At the inception of the grant, the program was designed to prevent homelessness through the provision of intensive and comprehensive support services to previously homeless families and families at risk of becoming homeless. By the end of the funding period, the center expected a majority of participants to have stable housing and move toward a job, and for the entire public housing community to experience an increase in civic pride and in resident participation. Staff included professionally trained managers and local community workers familiar with the multiple cultures and languages represented by resident groups. The budget provided a modest amount for program evaluation conducted by an external evaluator.

Method

Many government agencies that fund social programs require logic modeling in grantee program planning and evaluation. A logic model can be useful to practitioners and evaluators: It offers a clear conceptualization of a chain of events that, when developed at the beginning of a project, serves as a program planning tool with guideposts for program implementation (Yin, 1998); the conceptualization reflects the theory of program intervention (Mulroy & Shay, 1997; Weiss, 1995; Weiss, 2000); it is sufficiently detailed to guide formulation of the research design (Yin, 1998); and it can be used developmentally as a project typically shifts and changes as it moves forward in time (Alter & Murty, 1997).

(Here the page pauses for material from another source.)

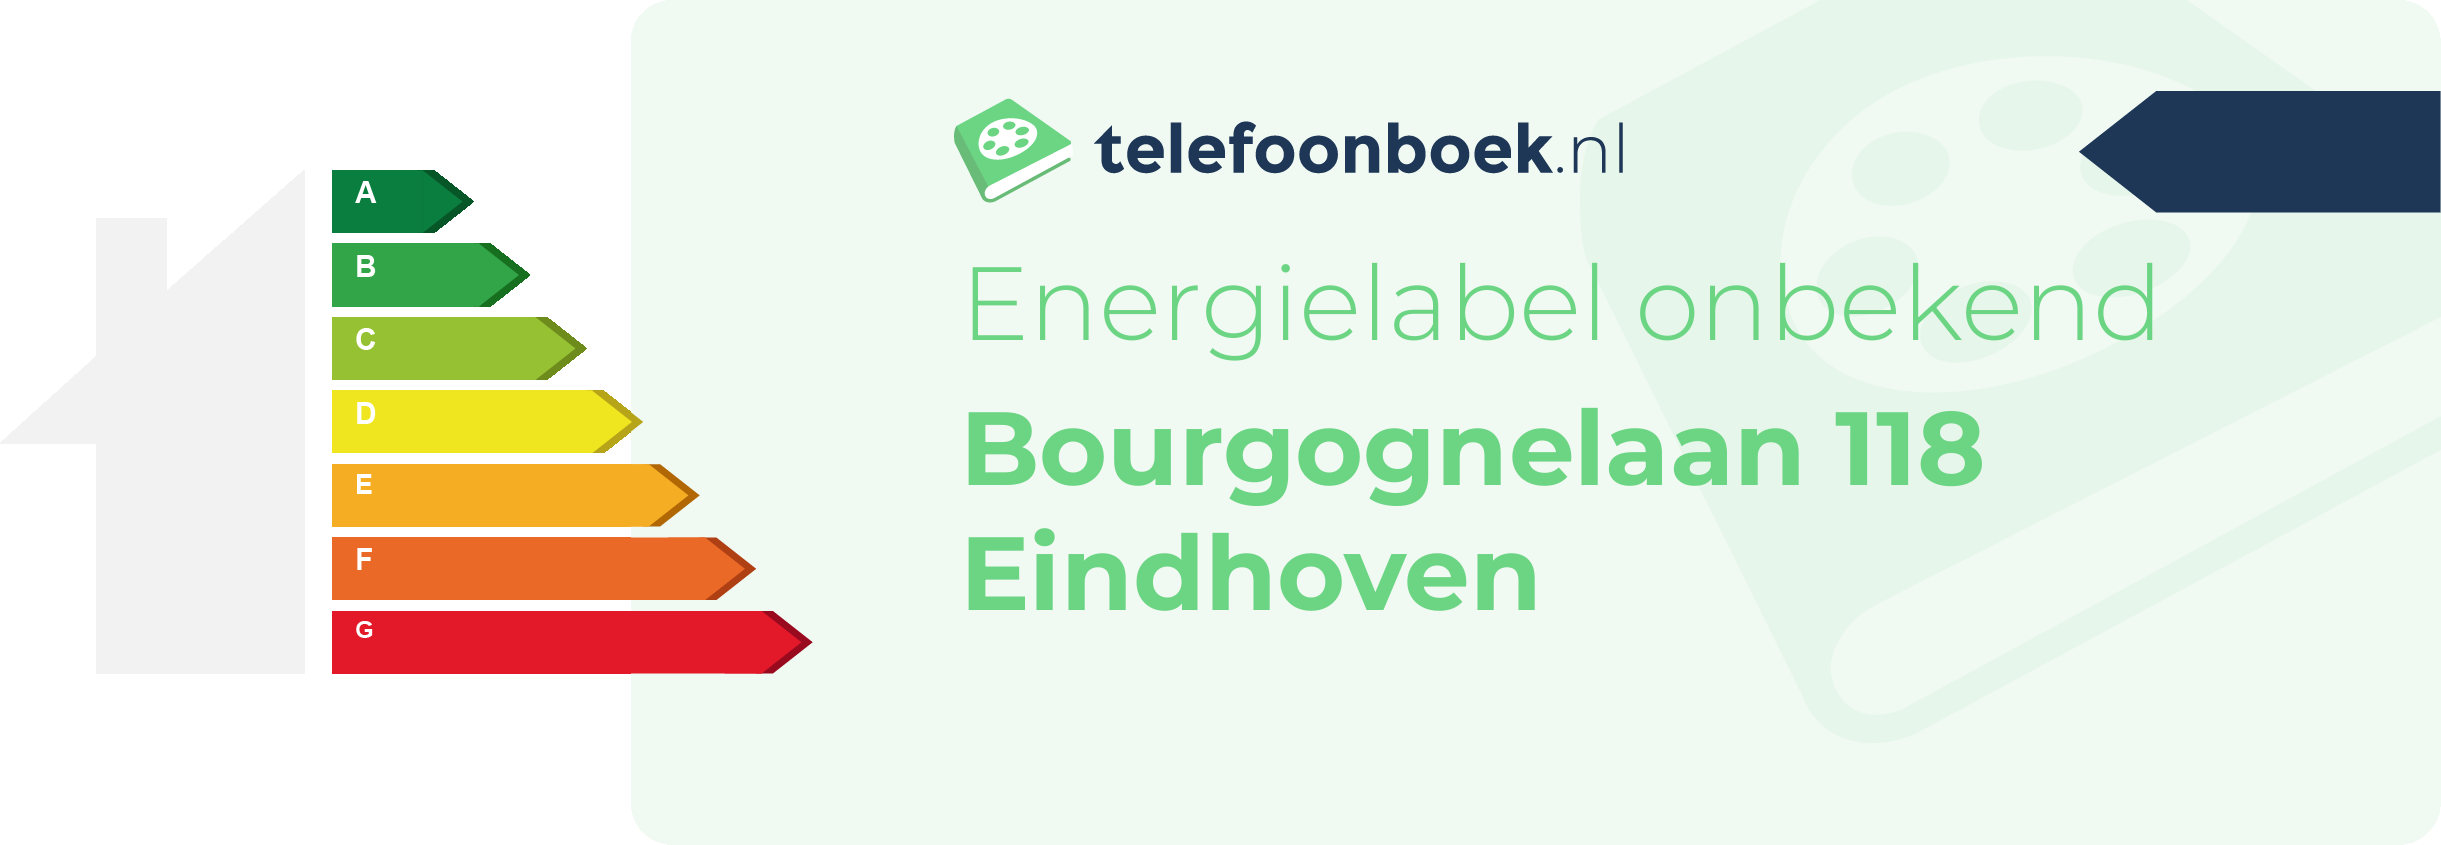 Energielabel Bourgognelaan 118 Eindhoven

HHS determined the purpose and boundaries of the evaluation of the KPT project. First, this was a study of the center's second year of operations only, setting the timeline to activities developed and outcomes attained up to that point. Second, it asked for innovation in programming and in evaluation design. It was made clear at the outset that a major purpose of the evaluation was to provide policymakers in Congress and in HHS, Office of Community Services, with lessons learned to help them make sound decisions for future homeless prevention programs. Knowing the purpose of the evaluation at the outset facilitated decision making about the type of information needed, the best way to measure the target variables, and the appropriate units of analysis (Logan & Royce, 2001).

Before the evaluation began, a user-friendly approach to program evaluation was put in place: HHS required all practitioners who applied for homelessness prevention funds to complete a logic model as the framework for their proposed program and to include it in their grant application. HHS also required grant recipients to refine and expand their logic models into real-world program plans. Among the materials provided to grantees was a one-page outline of a logic model that required the identification of clearly stated theories, principles, or assumptions that guided their activities and interventions; activities required to achieve the intended outcomes; anticipated outcomes defined as immediate and long-term, and the ultimate goal. With a small budget and a tight one-year time frame, the center contracted with a professor of management, community planning, and social policy at a local school of social work to conduct the external evaluation, with the promise of involving graduate students.

An action research approach was used because it was consistent with the evaluator's approach to knowledge building; afforded site-level analysis for an in-depth examination of the social context; was compatible with staffs interest in participation; and facilitated the use of multiple methods that best fit the research questions and the complexity of the context with the resources available (Greenwood & Levin, 1998; Knapp, 1996; Quinn Patton, 1997; Witkin, 1994). The evaluator had three front-end goals: (1) be a partner with staff by over time conducting work face-to-face and on-site; (2) improve the quality of data collection by creating a management information system, testing it out with staff, redesigning it as needed, then leaving it behind; and (3) improve the program's organizational capacity (Quinn Patton, 1997; Stevenson, Mitchell, & Florian, 1996; Yin, Kaftarian, & Jacobs, 1996).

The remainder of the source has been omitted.